Fig 1.
Comparative analysis of TPMA, M-Coffee, and ReformAlign on 16S-like and 23S-like rRNA datasets.
Each dataset consists of 14 sub-datasets, each exhibiting varying levels of sequence similarity ranging from 99% to 70%. Within each similarity sub-dataset, three replicates are included. For each replicate, nine initial alignments are acquired and subsequently merged using TPMA and M-Coffee. A, D The aSP, Q, and TC scores of TPMA, M-Coffee, and nine MSA tools across 16S-like and 23S-like rRNA datasets. For each gird, the average of three repetitions in one sub-dataset was calculated and subjected to min-max normalization using the alignment scores from all tools. B, E The changes in running time and memory usage of TPMA and M-Coffee across different levels of similarity for the 16S-like and 23S-like rRNA datasets. Each point represents the average time and memory consumption resulting from the combination of TPMA and M-Coffee across the three replicates. This computation excludes the time and memory required for obtaining the initial alignments. C, F Compare improvements in aSP, Q, and TC scores of TPMA, M-Coffee, and ReformAlign for initial alignments on 16S-like and 23S-like rRNA datasets. Each dataset consists of 14 sub-datasets, with three replicates per sub-dataset. A total of 378 (14×3×9) initial alignments were generated using 9 MSA tools. ReformAlign optimized these 378 initial alignments, calculating the differences between the scores of the optimized and unoptimized initial alignments for aSP, Q, and TC scores. Additionally, the disparities between the scores of the merged alignments (through TPMA and M-Coffee) and the unmerged initial alignments were also computed for aSP, Q, and TC scores. A total of 378 differences were obtained for TPMA and M-Coffee, obtained from 14×3 replicates, with each replicate generating 9 differences. The proportions of "improved," "constant," and "reduced" are summarized in donut charts.
Fig 2.
Comparative analysis of TPMA, M-Coffee, and ReformAlign across the four real datasets.
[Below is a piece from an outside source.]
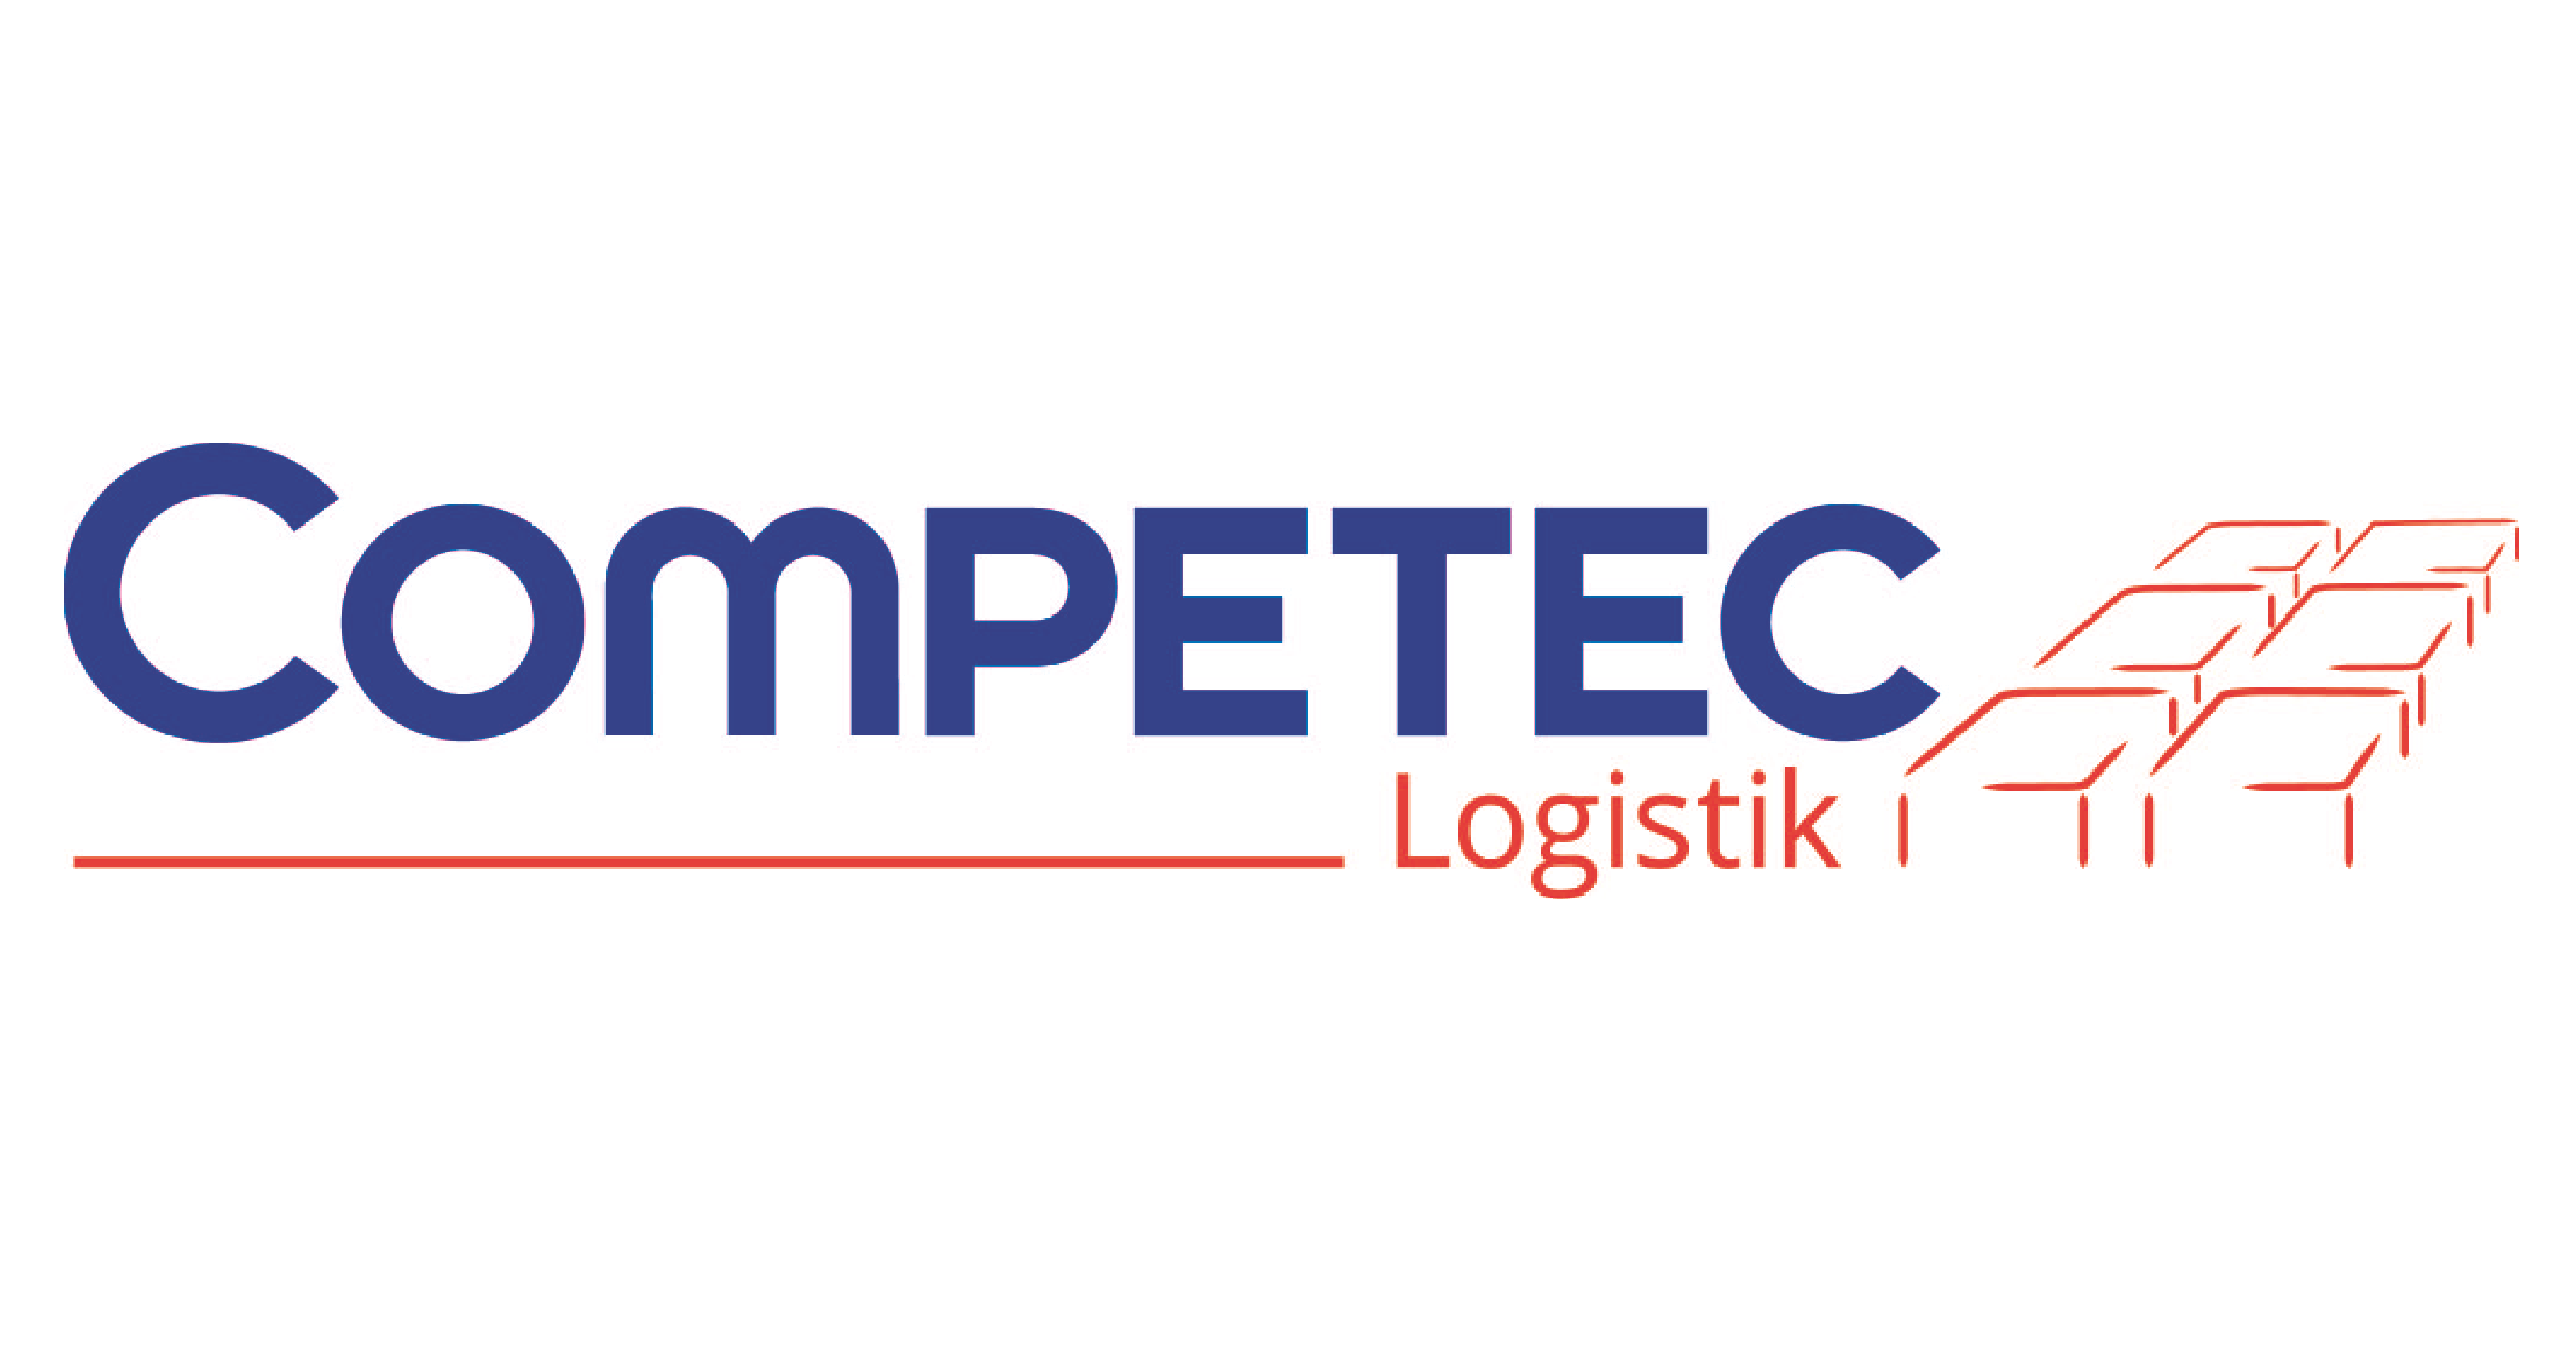 Competec Logistik AG

The 16S rRNA datasets include 8 subsets, each comprising 100 sequences, and nine MSA tools were utilized to generate the initial alignments for these datasets. Additionally, the mt genomes, SARS-CoV-2_20200301, and SARS-CoV-2_20200417 datasets consist of 4 subsets containing 30, 39, and 100 sequences, respectively. A, D, G, J The aSP score of TPMA, M-Coffee, and various MSA tools on the 16S rRNA, mt genomes, SARS-CoV-2_20200301, and SARS-CoV-2_20200417 datasets. It’s worth noting that some MSA tools failed to align on these datasets; only the tools depicted in the figure completed the alignment. The resulting initial alignment was then utilized for the merging process using TPMA and M-Coffee. B, E, H, K The running time and memory usage of TPMA and M-Coffee for the 16S rRNA, mt genomes, SARS-CoV-2_20200301, and SARS-CoV-2_20200417 datasets. Notably, the values exclude the time and memory needed to obtain the initial alignments. C, F, I, L The enhancements in the aSP score of initial alignments on the 16S rRNA (C), mt genomes (F), SARS-CoV-2_20200301 (I), and SARS-CoV-2_20200417 (L) datasets among TPMA, M-Coffee, and ReformAlign. Specifically, the 16S rRNA datasets comprise 72 (8×9) initial alignments, while the mt genomes datasets entail 28 (4×7) initial alignments. Furthermore, both the SARS-CoV-2_20200301 and SARS-CoV-2_20200417 datasets each encompass 20 (4×5) initial alignments. The proportions of "improved", "constant", and "reduced" are calculated based on the number of initial alignments for each dataset. It’s worth noting that for the two SARS-CoV-2 datasets, ReformAlign’s results were not displayed due to exceeding the device’s memory limit.
Fig 3.
The results of screening the accurate strategy on the 23S-like rRNA datasets.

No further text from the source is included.